#### ACTIVITY
Retype the lines below exactly, but only those from the line that has "Dalton 55 lb" through the line that has "Pearl & solid". Omit every picture.

#### INPUT DATA
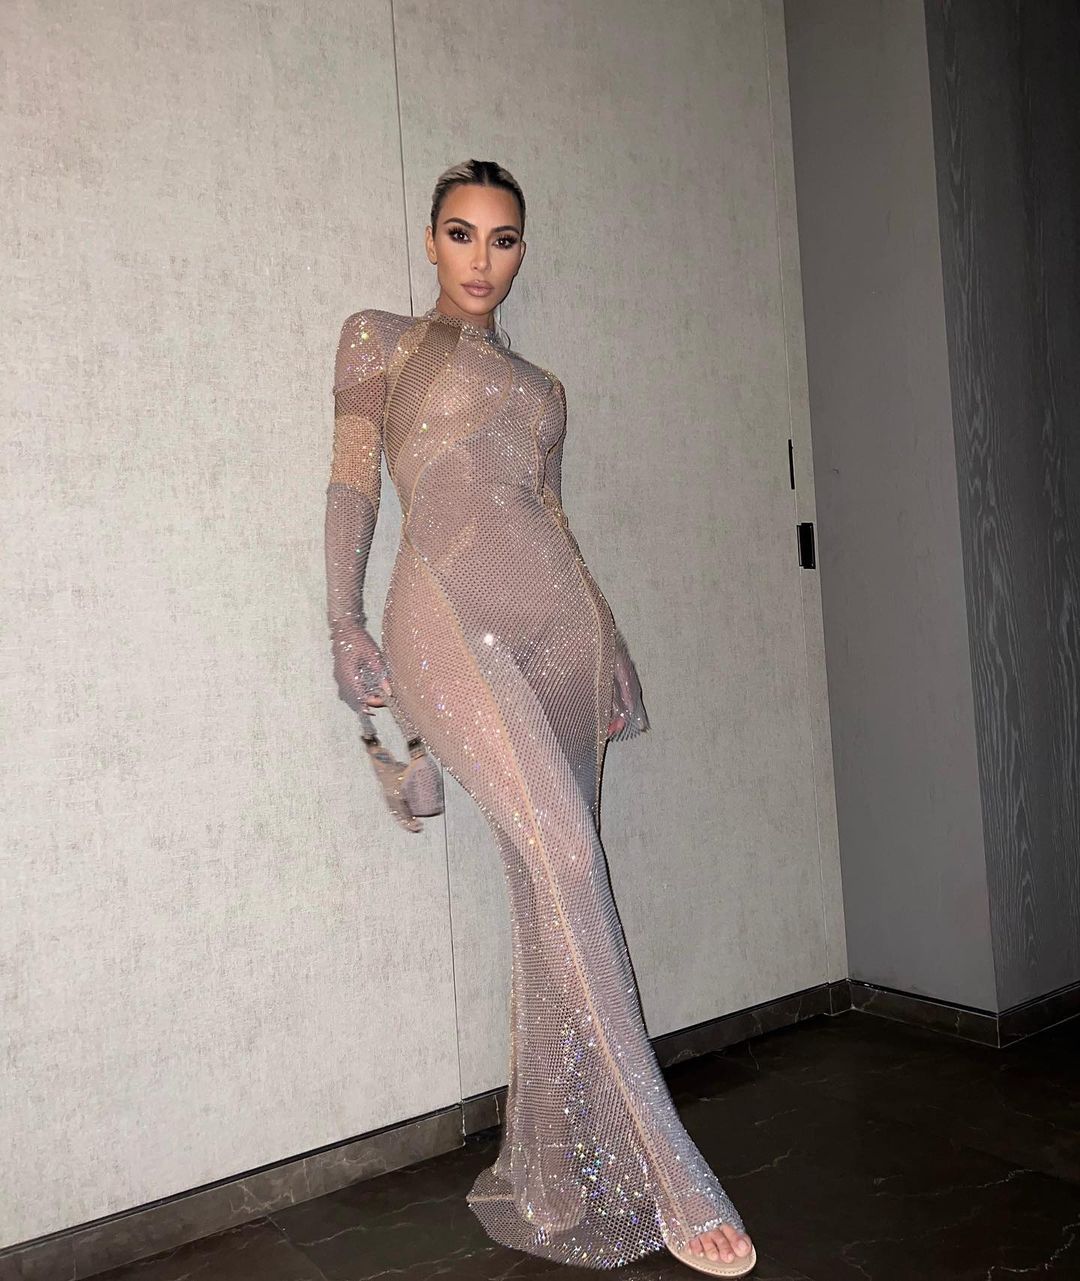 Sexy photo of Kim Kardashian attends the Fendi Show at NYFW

...

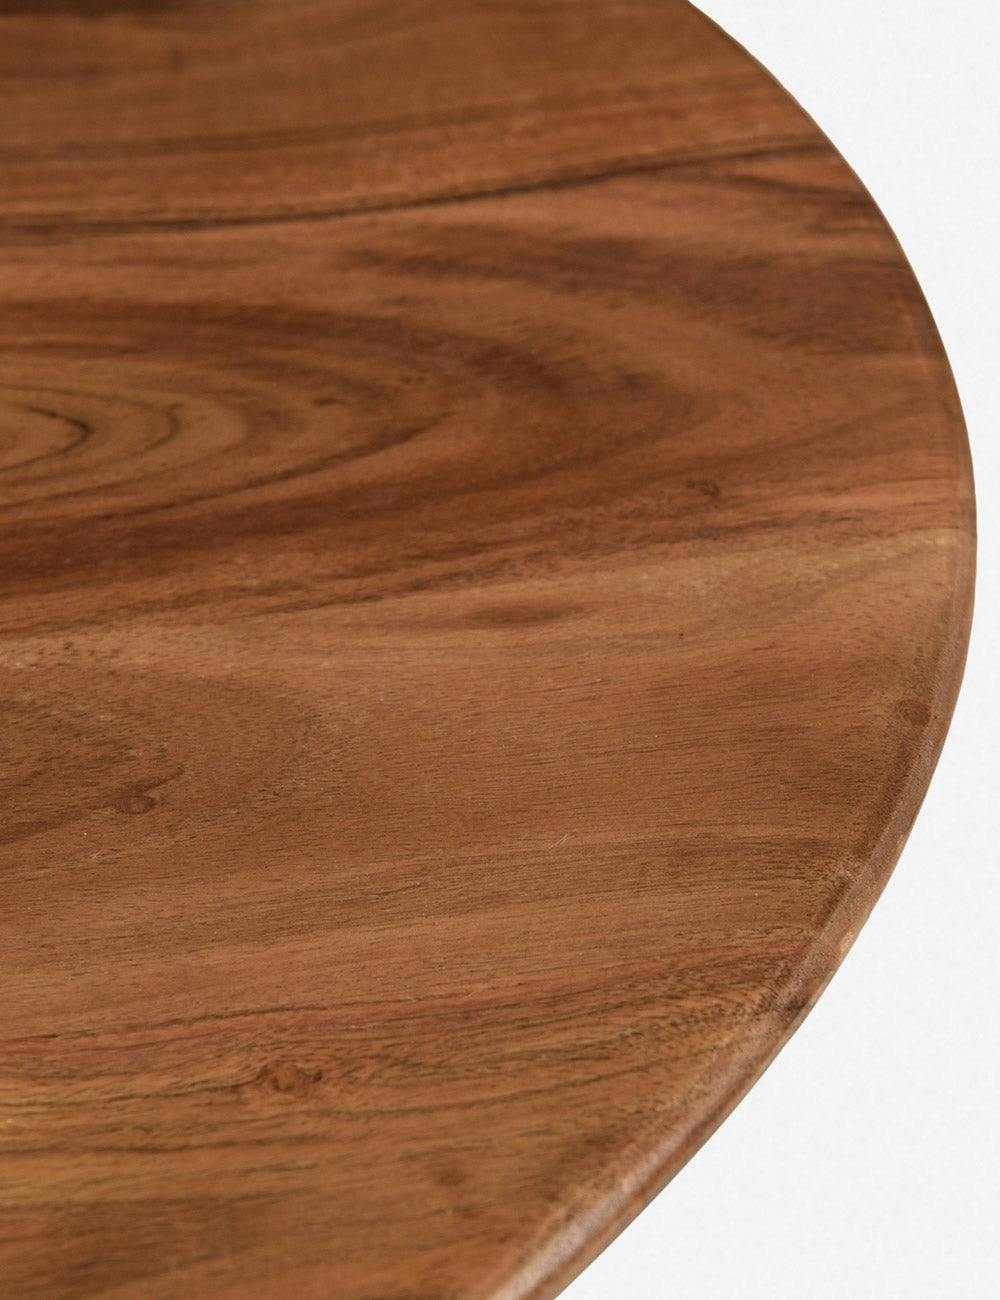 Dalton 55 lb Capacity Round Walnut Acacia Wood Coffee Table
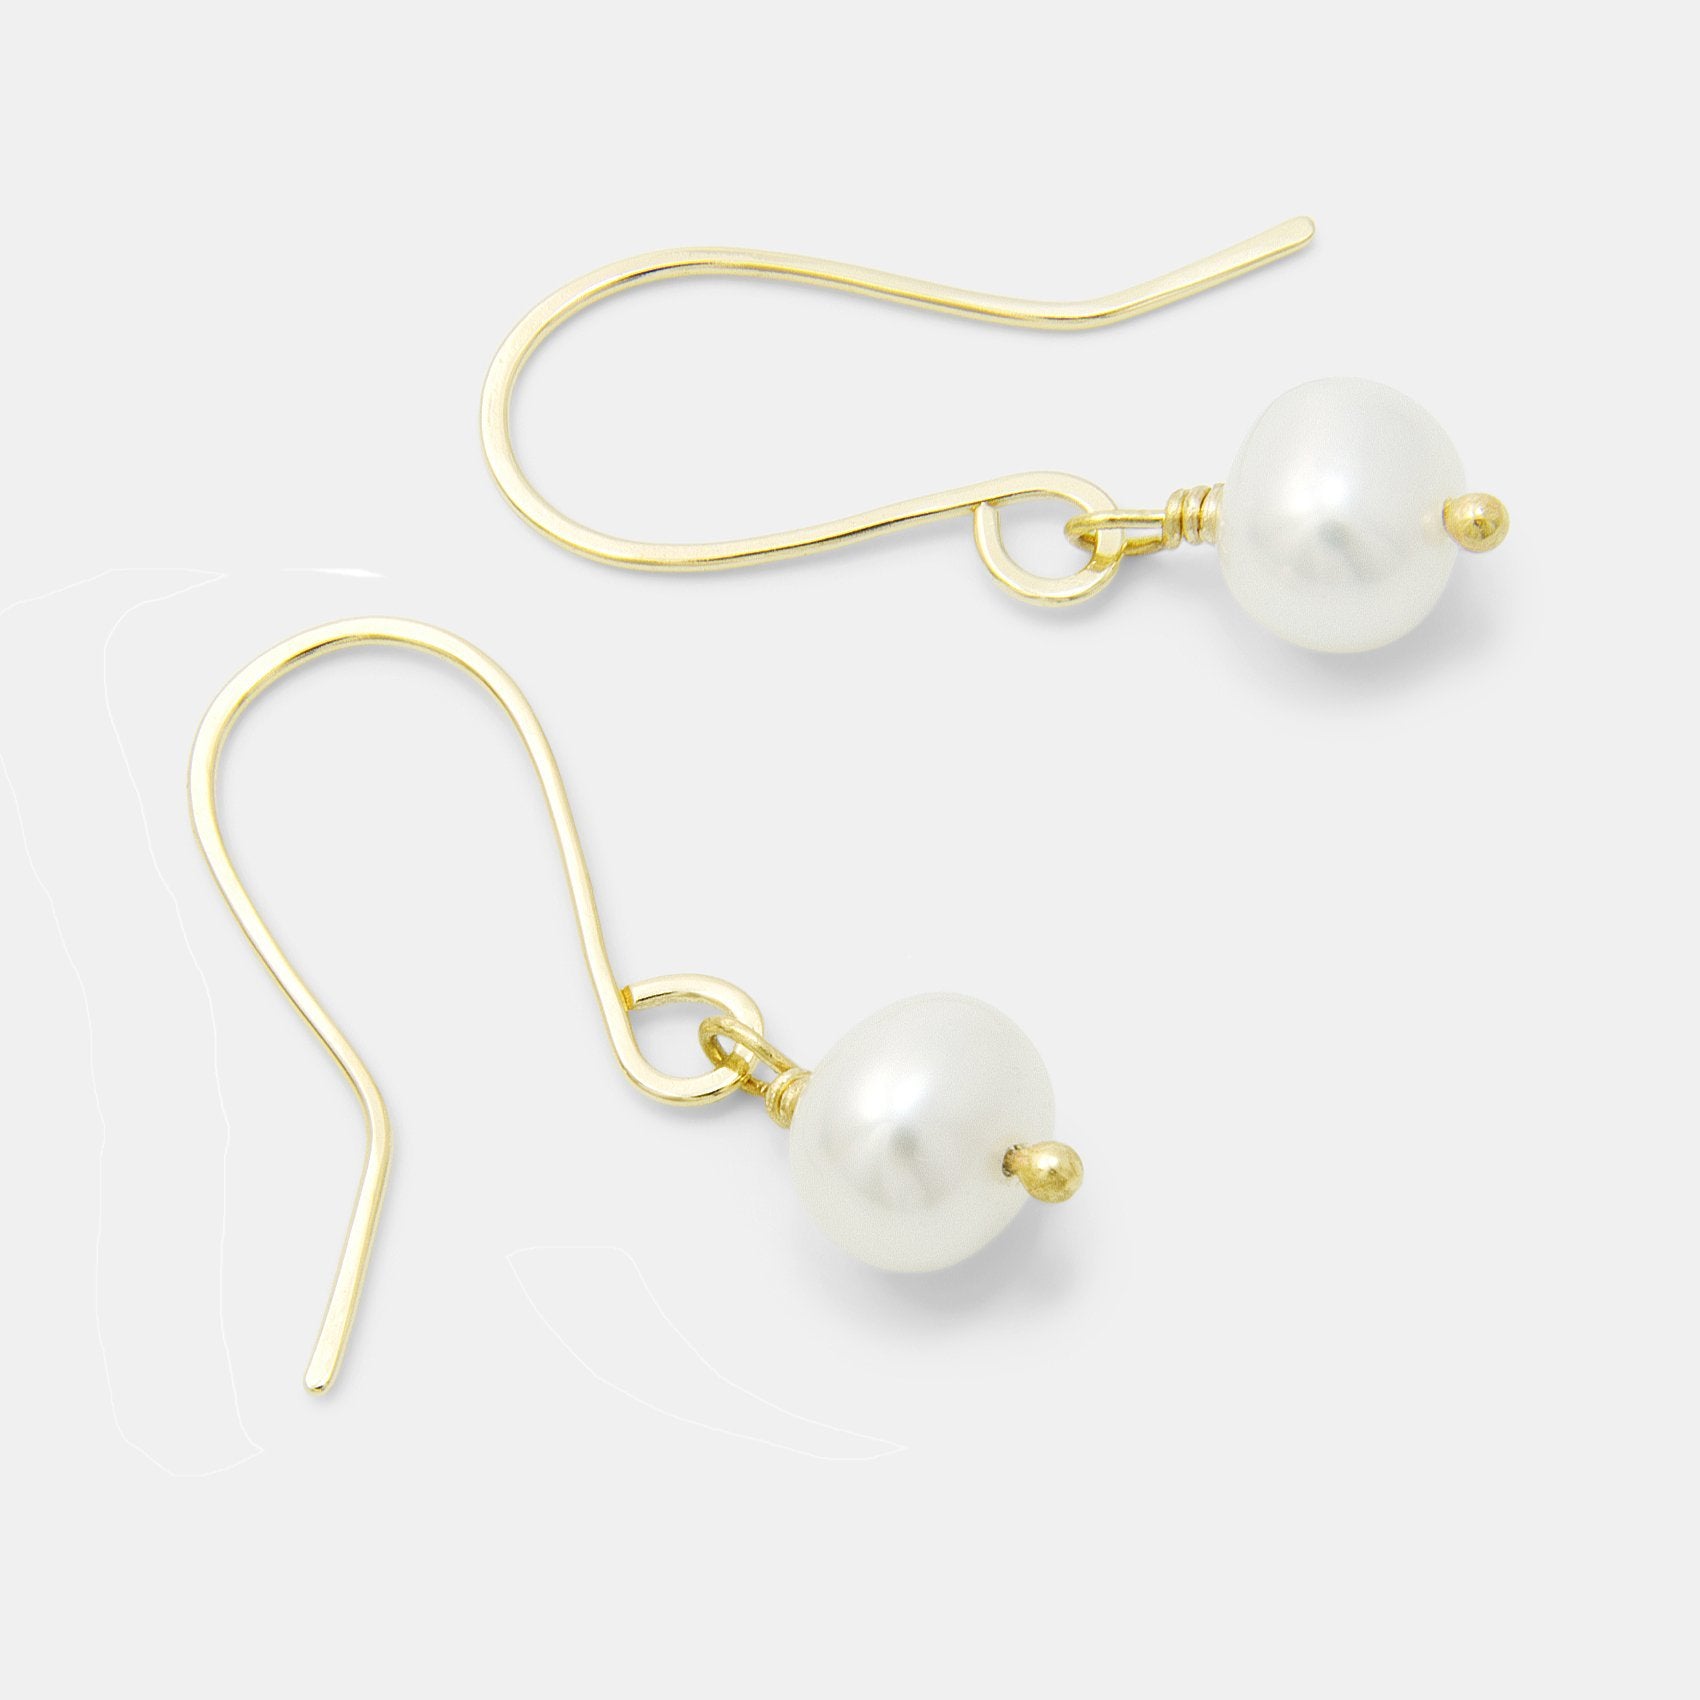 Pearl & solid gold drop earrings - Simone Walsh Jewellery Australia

#### SOLUTION
 Dalton 55 lb Capacity Round Walnut Acacia Wood Coffee Table
 Pearl & solid gold drop earrings - Simone Walsh Jewellery Australia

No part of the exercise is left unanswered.